В «Заключении» формулируются основные выводы диссертации.

Антиномия «добро/зло» - один из глобальных архетипов мировой культуры. Заново определяя границы добра и зла, каждое новое поколение поддерживает в тонусе внимание культуры к этому феномену. В оппозиции «добро/зло» у Н. Садур вычленяется базовое содержание, представленное христианскими символами и заповедями. Периферийный состав «добра» выражен в системе табу и приметах, спасающих от потемнения души.

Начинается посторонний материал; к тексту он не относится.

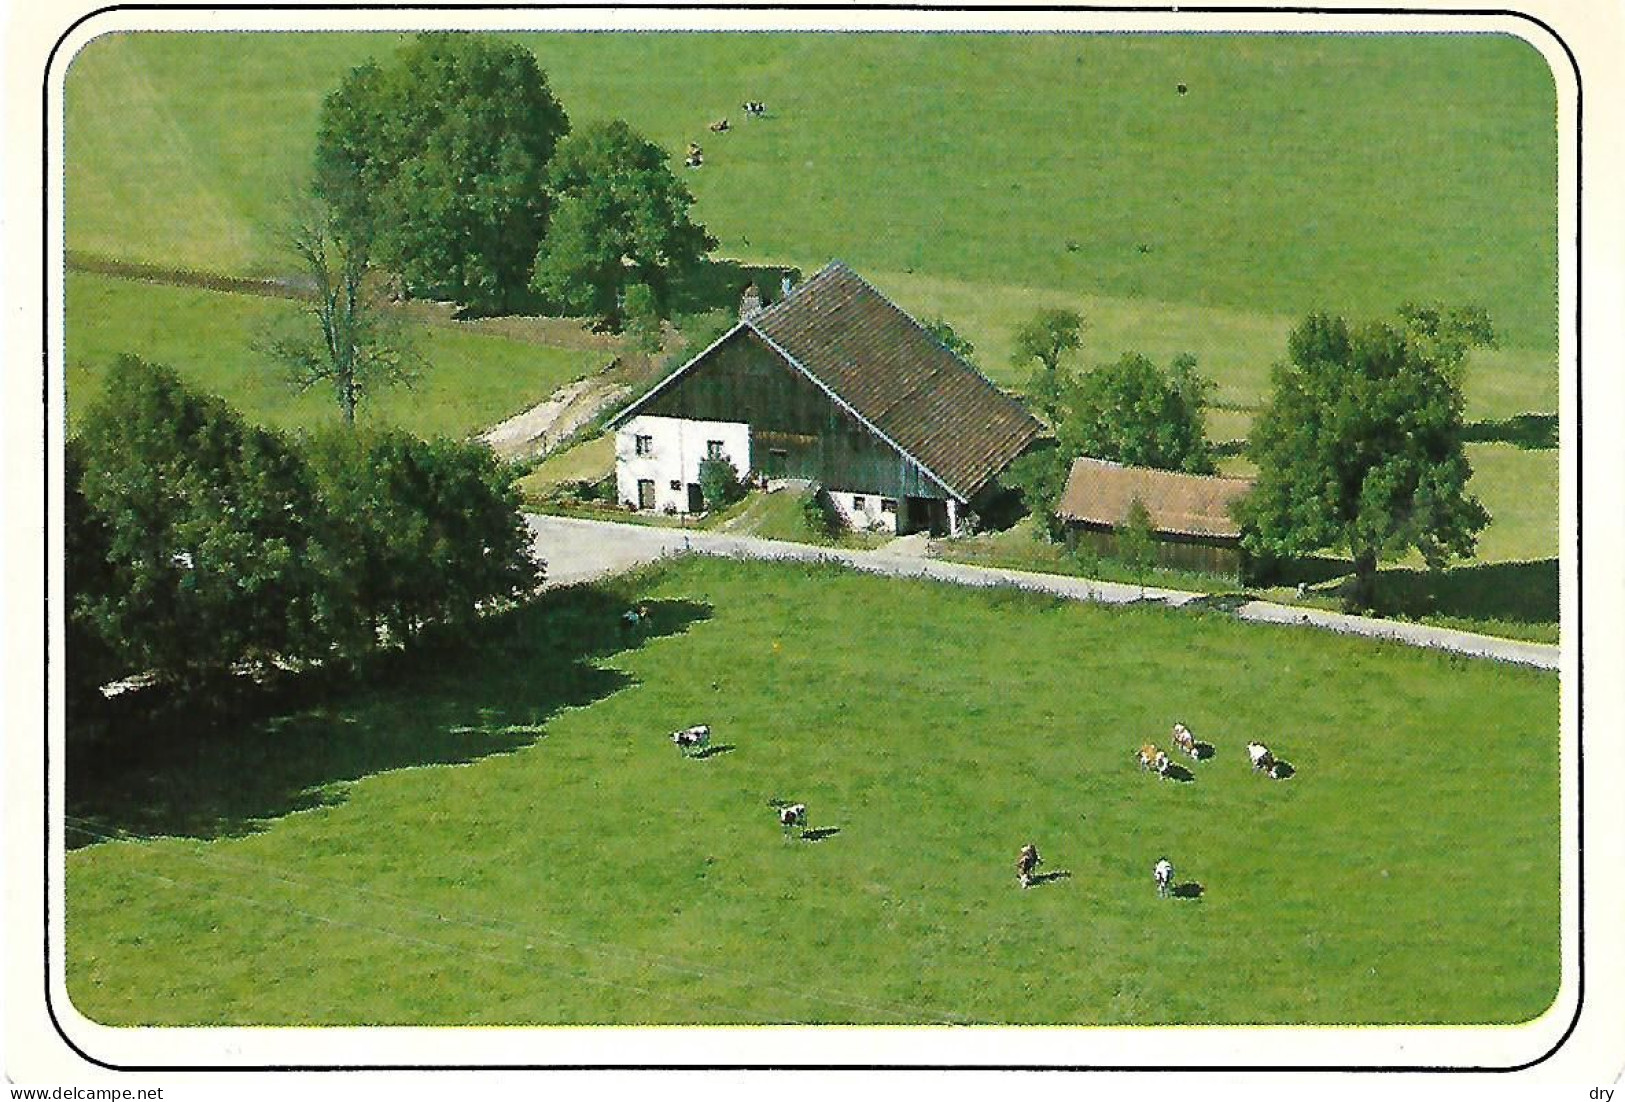 Ferme Comtoise Dans Le Haut-Doubs. Cpm Neuve. - Bauernhöfe
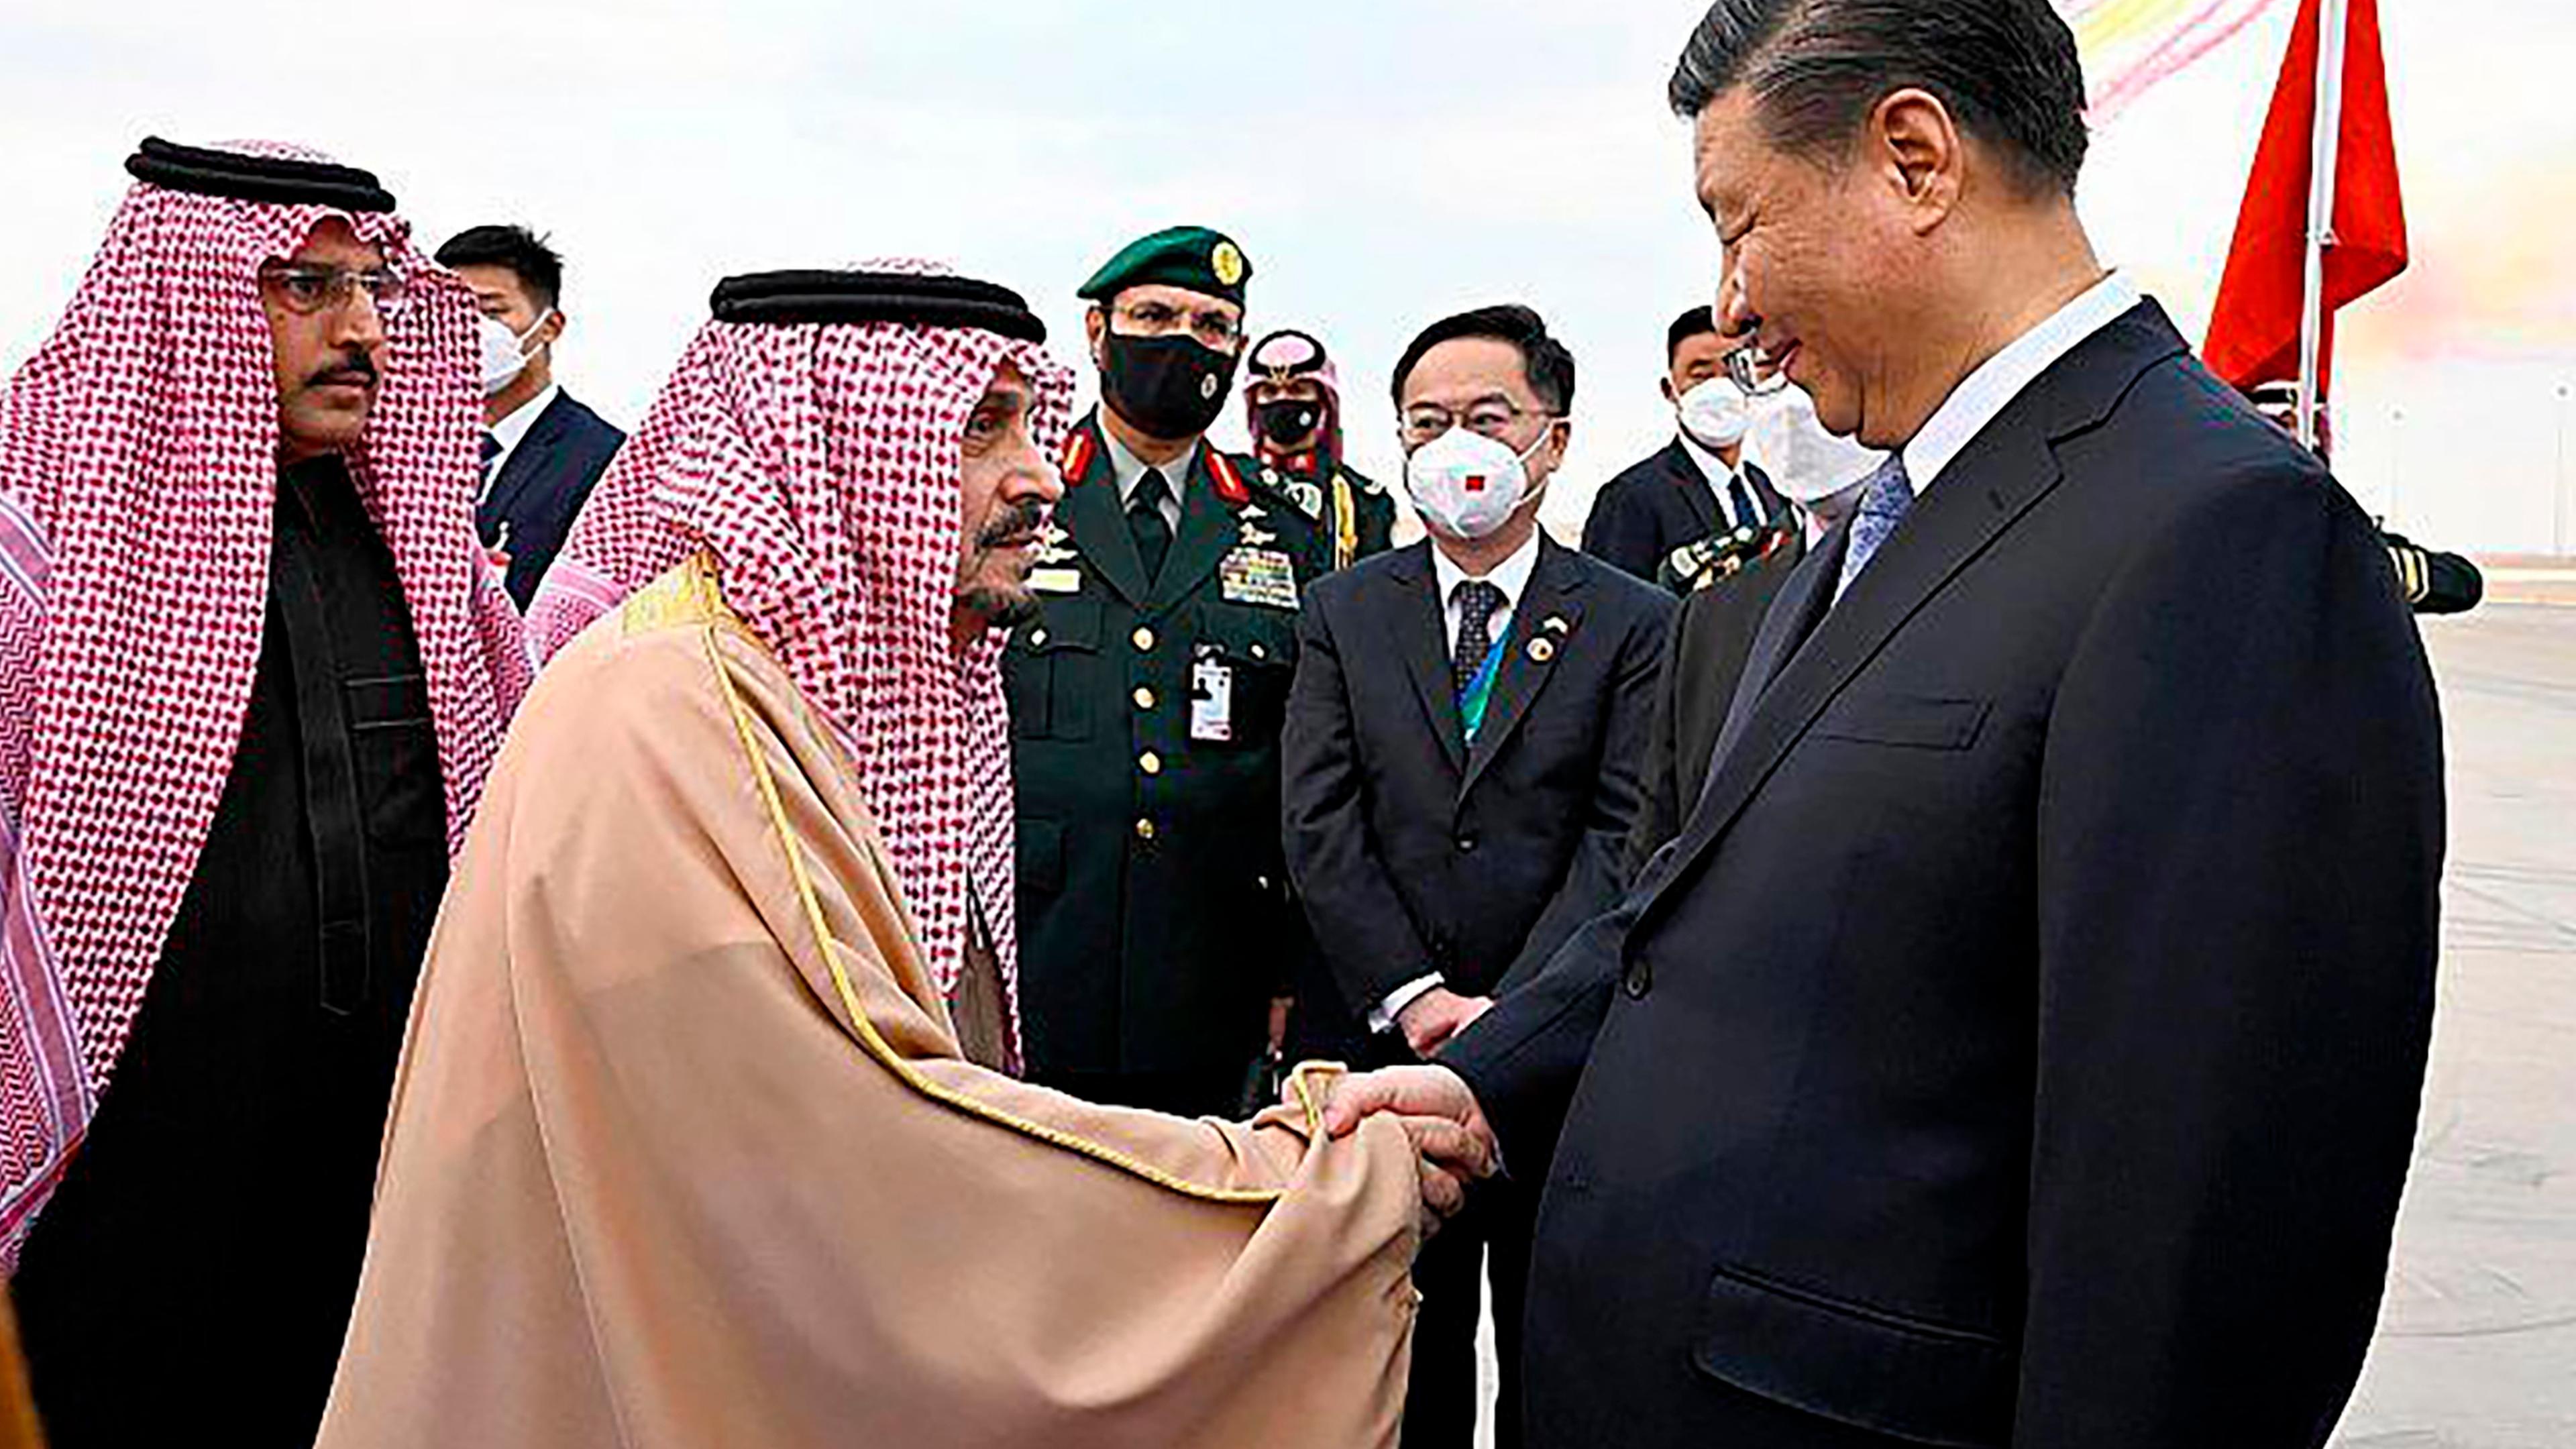 Saudi-Arabien, Riad: Xi Jinping (r), Präsident von China, schüttelt Prinz Faisal bin Bandar Al Saud, Gouverneur von Riad, nach seiner Ankunft die Hand.

Периферийное содержание зла - холод, зима, равнодушие и прочие физические проявления — легко становится базовым содержанием метафизического зла в случае угрозы оледенения, омертвения живого. Это касается амбивалентных образов-архетипов мифологиче-

ского хронотопа: земли, ветра, огня, старухи, матери, дома, животного мира; обратимых ритуалов: заговоров, проклятий, присушек; а также хто-нических «помощников» из сказки (волк, собака), которые могут стать оборотнями. В неустойчивом мире добро и зло материальны, и любое нарушение табу чревато изменением баланса мировых сил в пользу зла.

В «тексте» Гоголя позитивной мифологии Православной земли (церковь, Христос, младенцы, красота мира) противопоставлено мироздание с метафизическими дырами, в которые вселенское зло льется на Землю, и она стонет в ожидании защитника.

В базовое изображение зла у Садур включены символические коды изменения состояния {«потянуло», «замерзли», «жар», «пляска-верчение», «громкий хохот»), а в оформление идеи «омертвения» — арсенал языковой полисемии.

В цикле «Проникшие» зло концентрируется вокруг понятий человек, семья. Духовно пустой человек легко пополняет ряды традиционных фольклорных носителей зла — мертвецов, ведьм. А соблюдение табу, доброта и отзывчивость мыслятся как безусловное добро. У Н. Садур зло неизбывно, но борьба с ним не бессмысленна: трагический герой-одиночка сдерживает напор хаоса.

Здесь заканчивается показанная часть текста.